En una reciente columna en el New York Times, Thomas Friedman se pregunta qué le está pasando a los Estados Unidos. “No podemos ponernos de acuerdo sobre los hechos más sencillos”, dice. “Nos estamos convirtiendo en sunitas y chiitas”.

Lo mismo podría decirse de Colombia. Una grieta cada vez mayor separa a ‘los del Sí’ de ‘los del No’; a los ‘proproceso’ de los ‘antiproceso’; a los ‘uribistas’ de los ‘antiuribistas’. No importa cómo llamemos a los bandos, el hecho es que (si bien no todo el mundo pertenece a uno de ellos) el debate público está dominado por esas dos visiones enfrentadas.

Al igual que en EEUU, se trata de una guerra religiosa. Los dos grupos son igualmente dogmáticos. Los antiuribistas acusan a los uribistas de sectarismo; y razón no les falta. Pero de tanto denunciarlo en sus adversarios, acabaron por volverse igual de intransigentes que ellos.

Las reacciones a la bomba en el baño de mujeres del centro Andino son un ejemplo de esa perversa simbiosis. Algunos en el lado uribista responsabilizaron al gobierno y los ‘proproceso’ del atentado, una acusación imprudente y sin fundamento.
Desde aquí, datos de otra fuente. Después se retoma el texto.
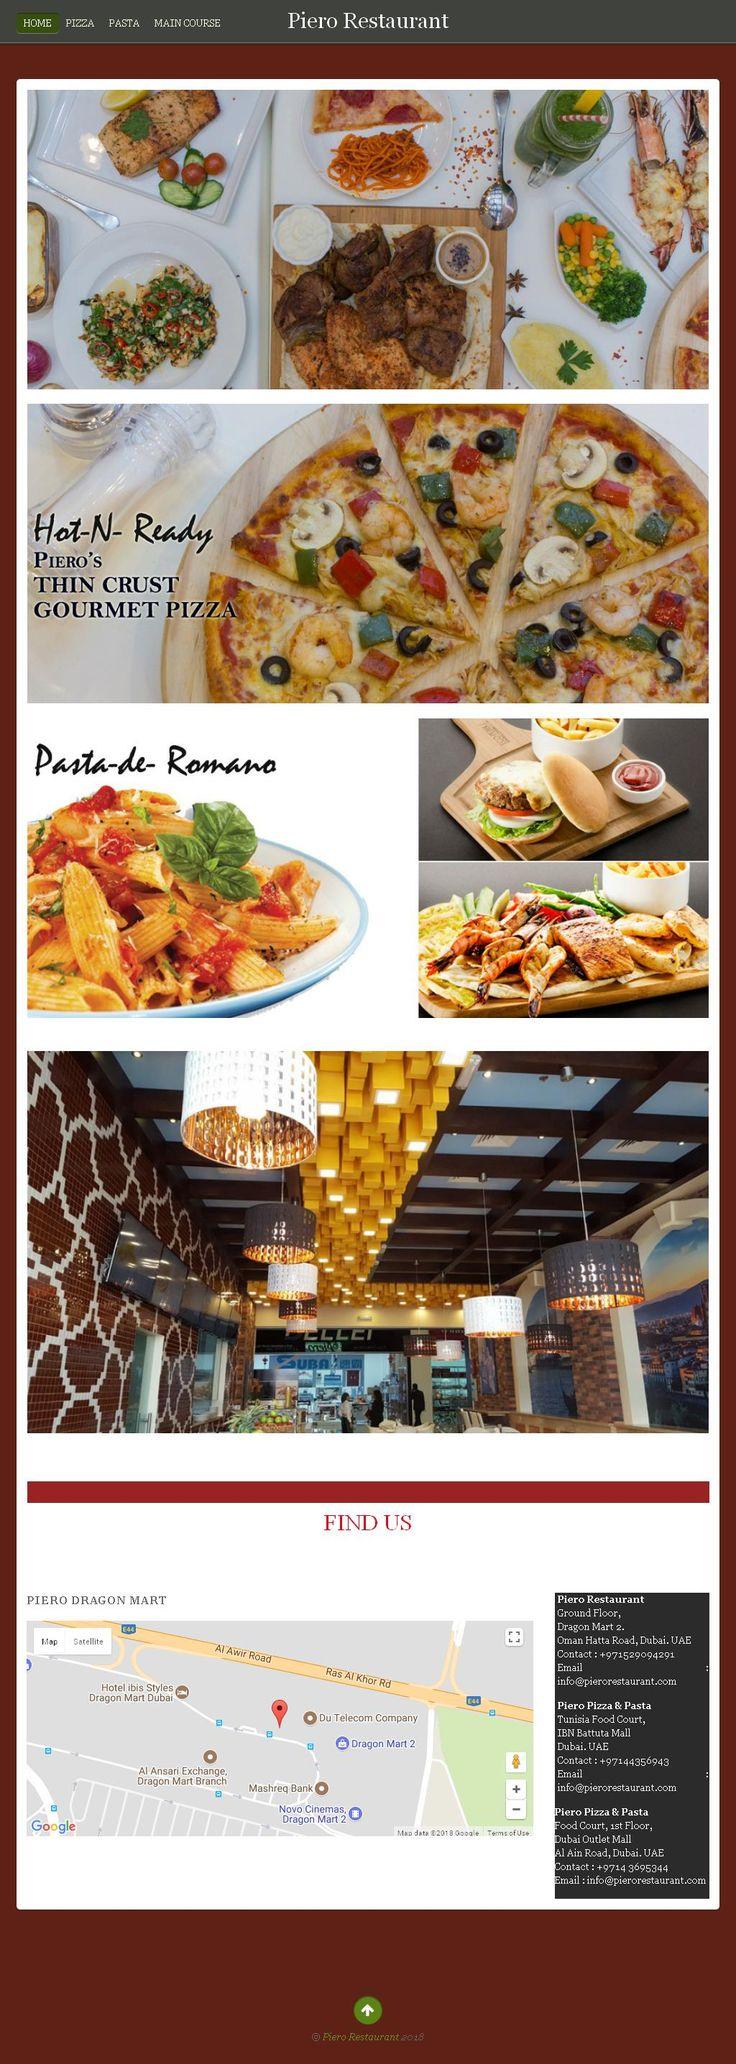 Map Uae Google%0A Piero Fast Food Restaurant Ibn Battuta Mall     Garden Cross Road G Floor   Shop F   Jebel Ali         Jebel Ali  Dubai   www HaiUAE com is a complete

De inmediato, el antiuribismo escuchó el llamado a la guerra santa y acusó de bajeza y mezquindad a todo el que se atreviera a expresar desconfianza frente al gobierno. Como si ante el terrorismo la ciudadanía no tuviera derecho a exigir resultados y explicaciones. Y como si este gobierno no nos hubiera dado suficientes motivos para dudar, si no de su buena fe, al menos de su eficacia. Un nivel de aprobación del 12% indica que hay ciertas cosas en las que casi todos estamos de acuerdo.

No hay entendimiento que valga cuando se presume siempre de mala fe o ignorancia en el contrario. En las redes sociales, miembros de una u otra tribu tratan a los otros de brutos, delincuentes, infrahumanos o bestias. Cuando se pone en duda hasta la humanidad del interlocutor, no hay diálogo posible.

Pero esta no es una de esas columnas que concluye con una invitación a que todos depongamos los odios y nos unamos en un abrazo fraternal. Me perdonarán los utopistas, pero pienso que esa posibilidad es tan cierta como que el Niño Dios es el agente logístico de la Nochebuena. Además, en una democracia son válidas —y, si ha de haber progreso, necesarias— las diferencias, los debates, las rivalidades, incluso los enfados. ¿Qué tiene de malo —me he preguntado muchas veces— que hubiera gente que votara “berraca” en el plebiscito, como se dice de los del No? ¡Si este país es una piñata de razones para enojarse! Si a alguien no lo “emberracan” la injusticia, la corrupción, la impunidad y el saqueo, es más peligroso para la sociedad yendo a votar que quedándose en casa.

El viejo ejercicio de ponerse en los zapatos del otro es, creo, nuestra única esperanza de salir de este atolladero. No en los zapatos de quienes son menos afortunados que nosotros —lo que también es necesario—, sino en los de quienes nos ven como un adversario o un problema. No se trata de ‘aceptar’ al otro ‘a pesar de’ sus diferencias (que es, en el fondo, una actitud de superioridad), sino de buscar entender, desde el punto de vista del contrario, el rechazo a nuestra posición. Y entenderlo tan bien que por momentos estemos tentados a darle la razón.